EDIT: I determined the convergence as follows:

$$\rho_k\equiv k\left(\frac{x^kk!}{(x+1)(2x+1)\dots(kx+1)}\frac{(x+1)\dots(kx+1)((k+1)x+1)}{x^{k+1}(k+1)!}-1\right)$$

$$\rho_k=k\left(\frac{(k+1)x+1}{(k+1)x}-1\right)=\frac{k}{(k+1)x}$$

$$\lim_{k\to\infty}\rho_k=\frac{1}{x}\lim_{k\to\infty}\frac{k}{k+1}=\frac{1}{x}$$

So the series converges when $\frac{1}{x}>1$ and diverges when $\frac{1}{x}<1$, so $x<1$ and $x>1$. When $x<0$ we have $\frac{1}{x}>1\Rightarrow 1<x$ which is a contradiction, so $x\nless0$

When $x=1$ we have

$$f(1)=\sum_{k=1}^\infty\frac{1^kk!}{(1+1)(2\cdot 1+1)\dots(k\cdot 1+1)}=\sum_{k=1}^\infty\frac{k!}{(k+1)!}=\sum_{k=1}^\infty\frac{1}{k+1}$$ which diverges

So we have $x\ge 1$ diverges and $0\le x<1$ converges

Answer 1

As already established, the given series $$f(x)=\sum_{k=1}^\infty f_k(x),\qquad f_k(x)=\frac{x^k\ k!}{(x+1)\cdots(kx+1)}$$ converges if and only if $0\leqslant x<1$.

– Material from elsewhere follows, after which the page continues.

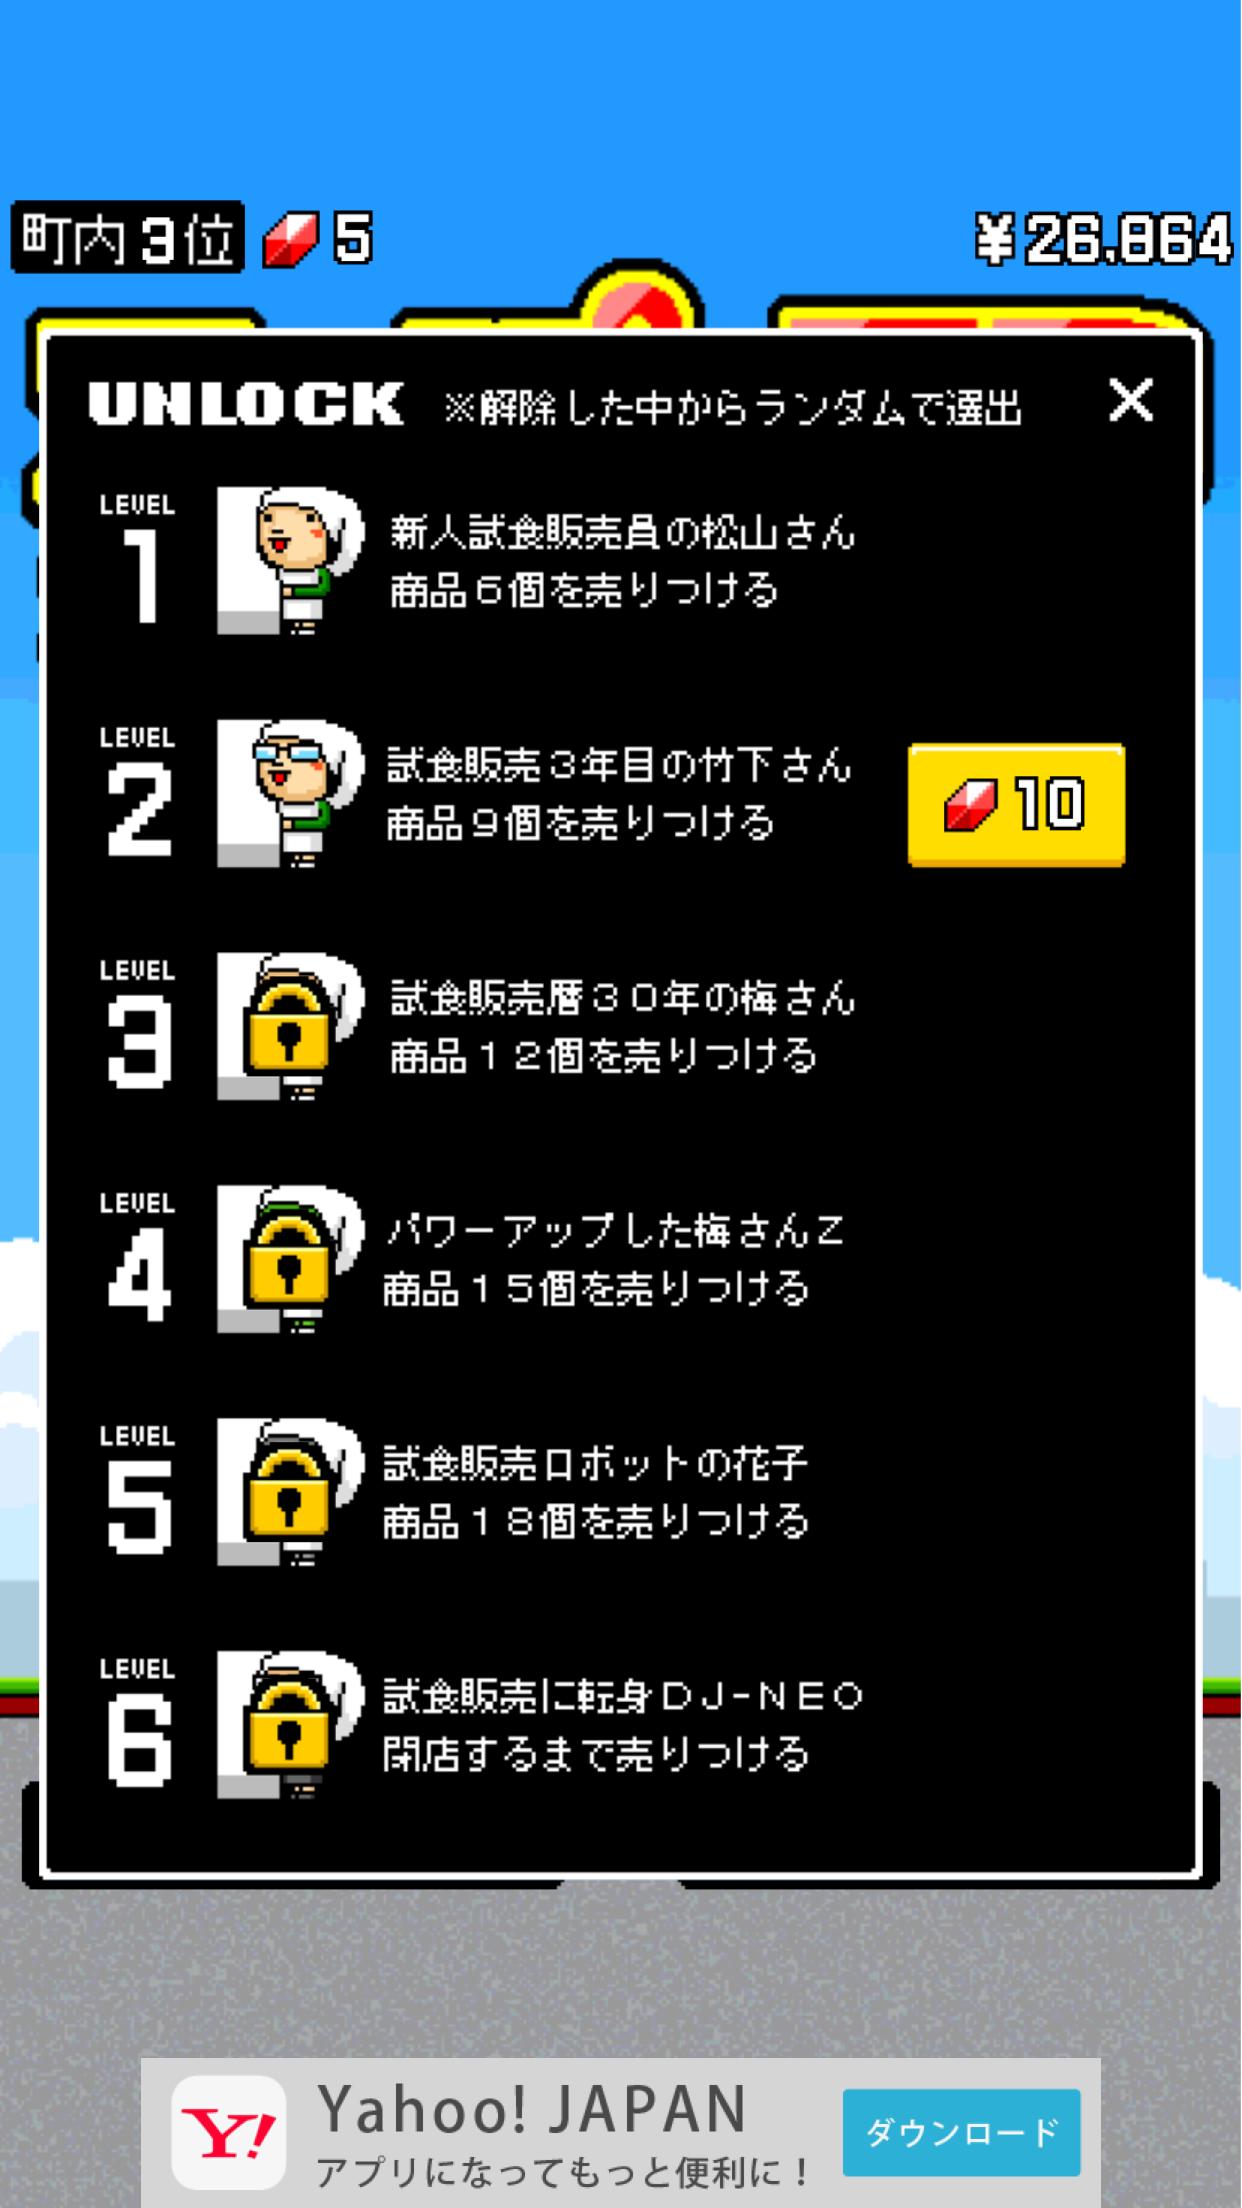 androidアプリ スーパーTD 万引きGメンは見ていた!攻略スクリーンショット4

Moreover, it converges uniformly on $x\in[0,a]$ for any $0<a<1$ (by Weierstrass M-test, since $0\leqslant f_k(x)\leqslant f_k(a)$ for $0\leqslant x\leqslant a$), hence $f(x)$ is continuous (as each $f_k$ is).

It is not asked for, but the equality $\color{blue}{f(x)=x/(1-x)}$ follows from $$\sum_{k=1}^n f_k(x)=\frac{x}{1-x}\big(1-(n+1)f_n(x)\big),$$ which is easy to show using induction on $n$.

Answer 2

Manipulating the numerator and denominator of the sum slightly, it turns out that the infinite series can be expressed in terms of the hypergeometric function

$$f(x)=\sum_{k=0}^\infty\frac{(k+1)!}{(1+1/x)(2+1/x)\dots(k+1+1/x)}\\=\frac{x}{1+x}\sum_{k=0}^\infty\frac{(1)_k(2)_k}{(2+1/x)_k}\\=\frac{x}{1+x}{}_2F_1(1,2,2+1/x;1)$$

From considerations contained in this question, it can be shown that ${}_2F_1(1,2,2+1/x,z)$ is uniformly continuous as long as $|z|<1$. This leaves the present problem as an edge case, which has to be treated separately, due to the singularity present at $x=z=1$.

To assess continuity, we look at the integral representation

$$B(b,c-b){}_2F_1(a,b,c;1)=\int_0^1 x^{b-1}(1-x)^{c-b-a-1}$$

which from the definition of the beta integral gives,

$$f(x)=\frac{x}{1+x}\frac{B(2,1/x-1)}{B(2,1/x)}=\frac{x}{1-x}~~,~~ |x|<1$$

as @metamorphy pointed out in the comments. This is obviously uniformly continuous in any subset of the unit disk (not including its boundary).